Root Cause Analysis Is Not Dead

Eric Wright of VMTurbo wrote about the death of root cause analysis (RCA) with the rise of microservices. I take exception to this, as microservices aren’t really all that new. Even what’s being called “serverless computing” isn’t particularly new. However, that’s a discussion for another time. The point of RCA is to find the real reasons for failures. I don’t see how using microservices changes this. All we’ve done is add more layers to delve through to find the true root cause of a problem.

Granted, Eric’s point is that our new systems are so resilient, distributed, and not prone to collapse that root cause analysis is no longer as important as it once was. I can buy that, but let me present some cases to the contrary. I’ll start with an example drawn from a midcap firm doing four billion queries a day. To say the least, its environment is both highly resilient and highly distributed. Each node handles roughly 9,000 threads in processes at any given time of the day. It is continually hammered.
Due to the share volume, resiliency is key, as is using key performance metrics (KPI) to determine if that volume is holding steady. If the KPI shows a dip in volume, the company investigates. Now, this firm has the capability to handle double its normal volume, so these investigations are there to ensure it is not going off the deep end somewhere.
These investigations have uncovered some very interesting root causes, all from the same KPI and other logs.

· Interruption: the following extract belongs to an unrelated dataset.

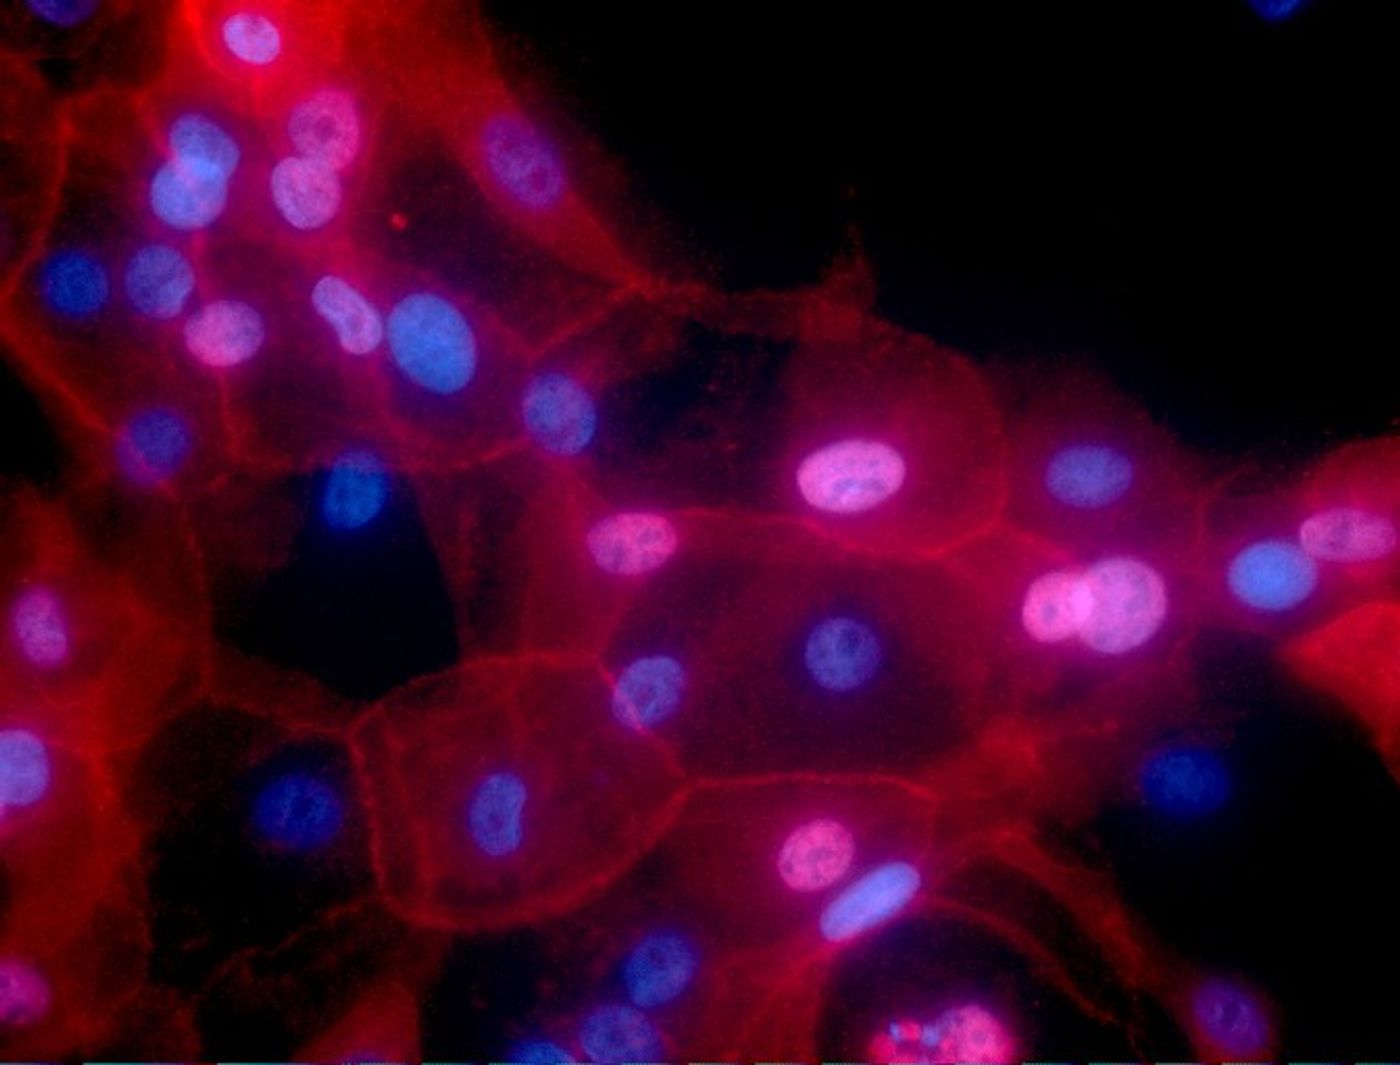 Human breast cancer cells in culture. / Image credit: National Cancer Institute / Georgetown Lombardi Comprehensive Cancer Center Creator:Ewa Krawczyk

Use of low performance coding practices (Application)
Resources not configured correctly (Operating System)
Networking not configured correctly (Operating System + Hardware)
Memory with incorrect latency values (Hardware)
Overheating processors (Hardware)
Too many DNS queries (Application + OS); this required building tiered DNS caching to handle the load
Thread errors (Application)

The list goes on. Many of these root causes are due to misconfigurations and bad coding, but an equal number apply to hardware.
The application in question uses some pretty modern concepts, such as microservices, message queues, external services, and internal services. While the system scales out quite nicely, its additional complexity encourages different forms of root cause analysis that are heavily customized, rather than stock solutions. It takes extensive domain knowledge to determine the real cause of a problem, such as:

Ensuring proper debugging to determine why services cannot be created (ongoing RCA)
Ensuring message queues are operating as expected; this is currently ongoing, as they see something that points to message queues that they have not figured out yet (ongoing RCA)

This is not to mention the constant look at all services involved to ensure they are running, including autoscaling to more services, and autorecovery by creating new services on the fly.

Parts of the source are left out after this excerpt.